UIC opened the new $5M Flames Field in fall 2020. The only collegiate grass pitch in Chicago, it features a grass pitch with state-of-the-art irrigation and drainage systems, a new video board, grass berm seating behind each goal, and a grandstand with capacity for 1,200 offering fans panoramic views of the iconic Chicago skyline.

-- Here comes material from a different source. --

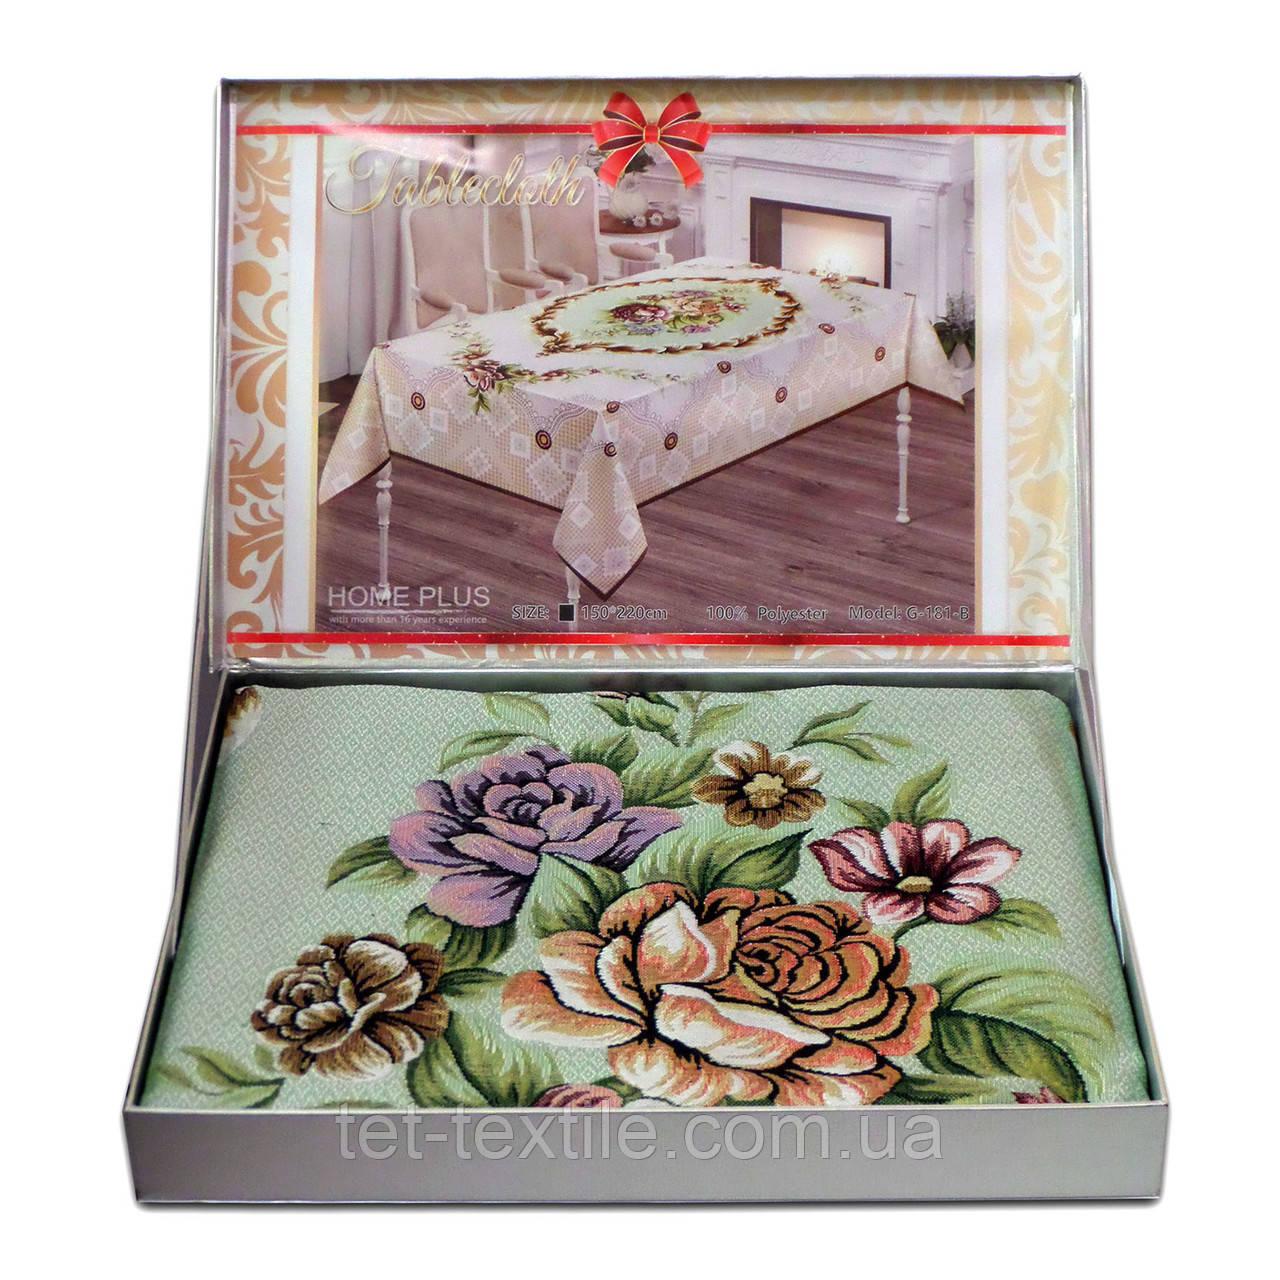 Скатерть цветочный букет в чемоданчике Home Plus (150x220cm.)

Jay DeMerit played for UIC's men's soccer and captained the Vancouver Whitecaps FC in Major League Soccer, and was a former captain of Watford whom he played for in the Premier League and the Championship. Jay also is a former member of the US national team, whom he represented in the 2010 FIFA World Cup. Another Flame, Pat McMahon received an offer to play in Scotland in 2009. Baggio Husidić is a former MLS player who played with Chicago Fire and Los Angeles Galaxy.

===Baseball===
UIC Baseball has made six NCAA Regional Appearances and won 12 regular season conference championships. Former Major League player Curtis Granderson was an All-American for the Flames. A three-time MLB All Star, four-time MLBPA Marvin Miller Man of the Year recipient (2009, 2016, 2018, 2019), and Roberto Clemente Award winner (2016), Granderson's $5 million gift to help build UIC's Granderson Baseball Stadium is among the largest known one-time donations by a professional athlete to his or her alma mater, according to Sports Illustrated.

===Softball===
UIC Softball has made 12 NCAA Regional Appearances and won 11 conference championships. The Flames' 1994 team reached the Women's College World Series.

===Volleyball===
UIC Volleyball has made 5 postseason appearances, including the 2021 NCAA Tournament and the AIAW Championship (1972, 1973, 1974, 1975). The Flames have won 3 conference championships, including the 2021 Horizon League Tournament.

===Women's tennis===
The Flames women's tennis program has been dominant for the past two decades, winning 19 conference championships and making 17 NCAA Tournament appearances.

===Swimming and diving===
UIC men's and women's swimming and diving have won more than 80 individual conference titles. The men's swim team won the Horizon League Championships in 2009. Swimming & Diving 2007 alumni Blake Booher qualified for the 2008 Olympic Swimming Trials in the 50 Freestyle. 2011 alumni Steve Yemm qualified for the 2012 Olympic Swimming Trials in the 100 & 200 Butterfly.

===Discontinued sports===
UIC previously sponsored a football team known as the Chicago Circle Chikas that played at Soldier Field from 1965-1973, a men's ice hockey from 1966-1996, and men's and women's gymnastics teams until 2018-19. The Flames also previously fielded teams in wrestling, men's water polo, and men's golf.

==Spirit squads==
The Flames feature both UIC Cheer and UIC Dance,
as well as the UIC Pep Band. Sparky is the Flames mascot. His number '0' jersey pays homage to UIC's roots as the Chicago Circle campus.